- Born: 22 July 1943 Hardinxveld [nl], Netherlands
- Died: 2 April 2024 (aged 80) Middelburg, Netherlands
- Education: AKV St. Joost (Breda)
- Occupations: cinematographer and photographer

= Jaap Wolterbeek =

Dutch photographer (1943-2024)

Jaap Wolterbeek (22 July 1943 – 2 April 2024) was a Dutch photographer and cinematographer. He became most known as a press photographer working for various Dutch media outlets and selling many photographs internationally.

==Biography==
Wolterbeek was born in Hardinxveld in 1943 and grew up in Vlissingen. He graduated from the AKV St. Joost in Breda. He was commissioned in 1969 by the Ministry of Culture to make the short film Rijksweg A58 about the A58 motorway that was named death road due to the many accidents at the time. The film was a success at the 1969 film festival in Arnhem and was broadcast by the Nederlandse Omroep Stichting in 1976. He was also a cinematographer for television program Van Gewest tot Gewest.
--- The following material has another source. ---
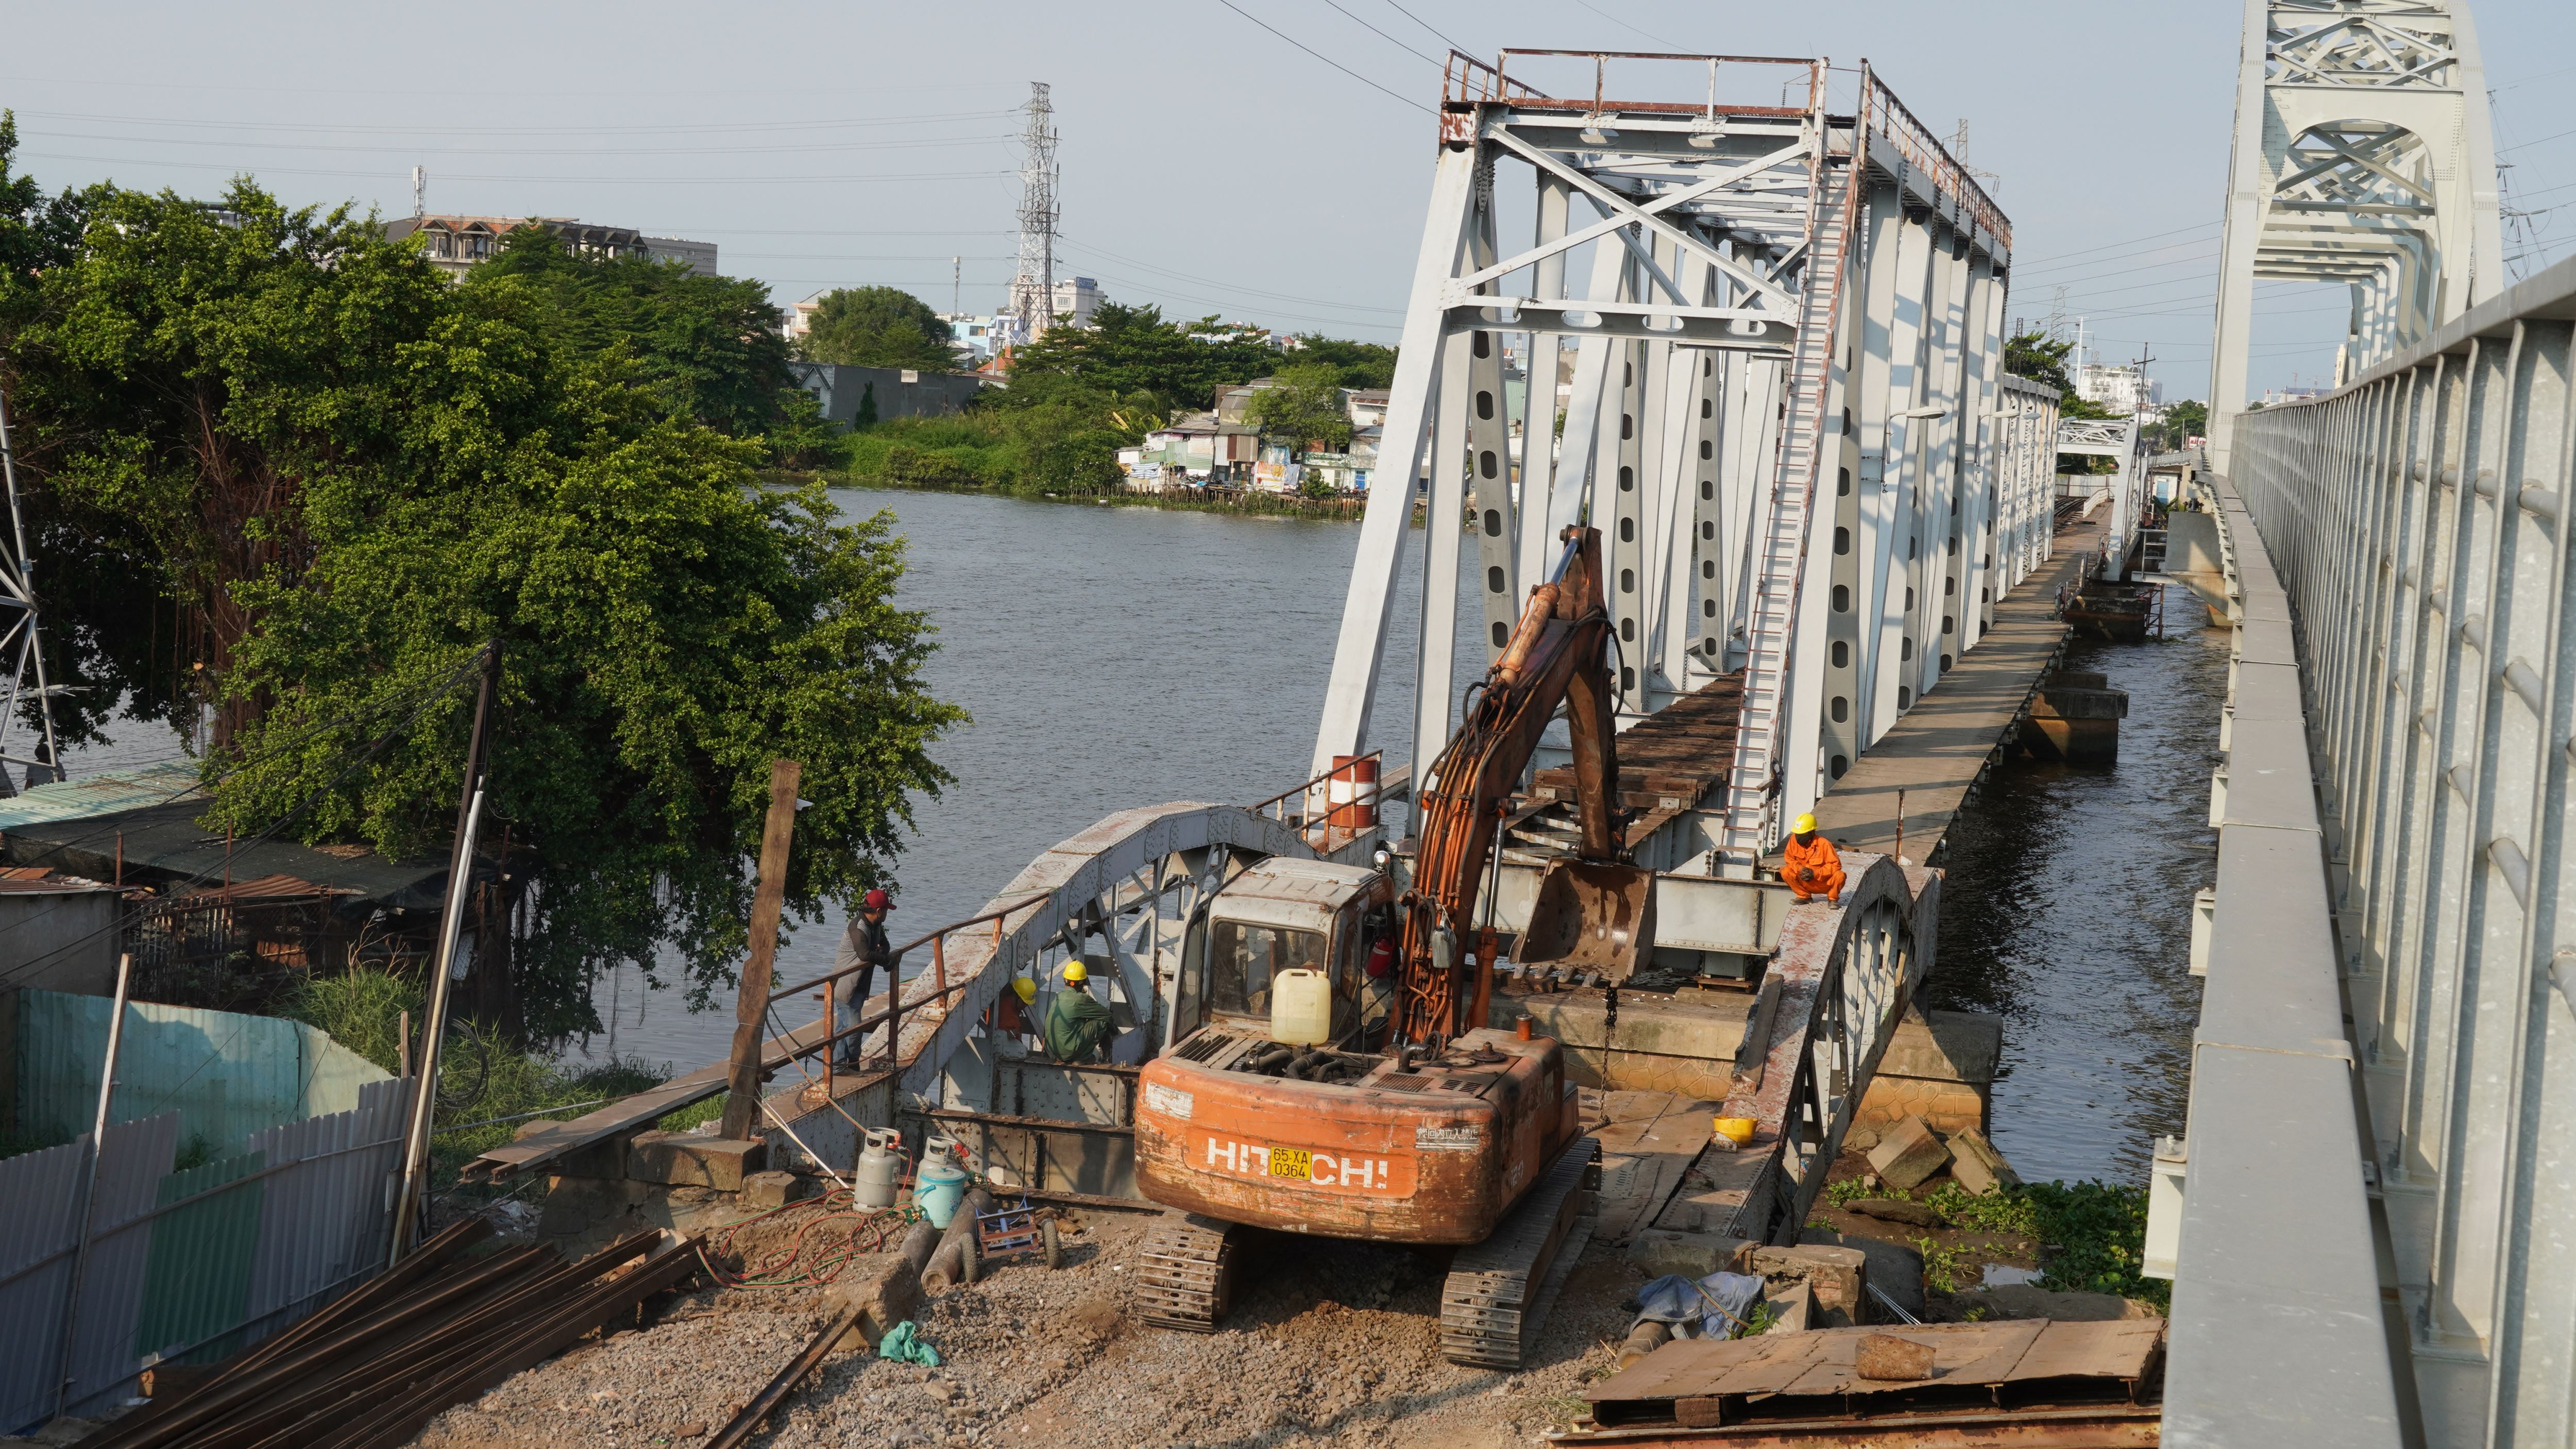 Cầu sắt Bình Lợi cũ là chiếc cầu đường sắt vượt sông Sài Gòn đầu tiên được xây dựng năm 1902. Do độ tĩnh không thông thuyền thấp khoảng 1,8m nên thời gian đầu, cây cầu có nhịp cầu quay ở phía bờ quận Thủ Đức cho tàu thuyền qua lại.

He became the first press photographer of Zeeland. Wolterbeek is most known as a press photographer, but also worked for companies. He worked as a press photographer for among others De Telegraaf, Algemeen Dagblad and Dutch news agency Algemeen Nederlands Persbureau. He was at numerous notable events including Borssele Nuclear Power Station protests during the 1980s and the sinking of the in 1987. He sold many photographs internationally.

Wolterbeek was married and was father. Wolterbeek suffered from esophageal cancer and later liver cancer. Wolterbeek died in a nursing home in Middelburg on 2 April 2024, at the age of 80.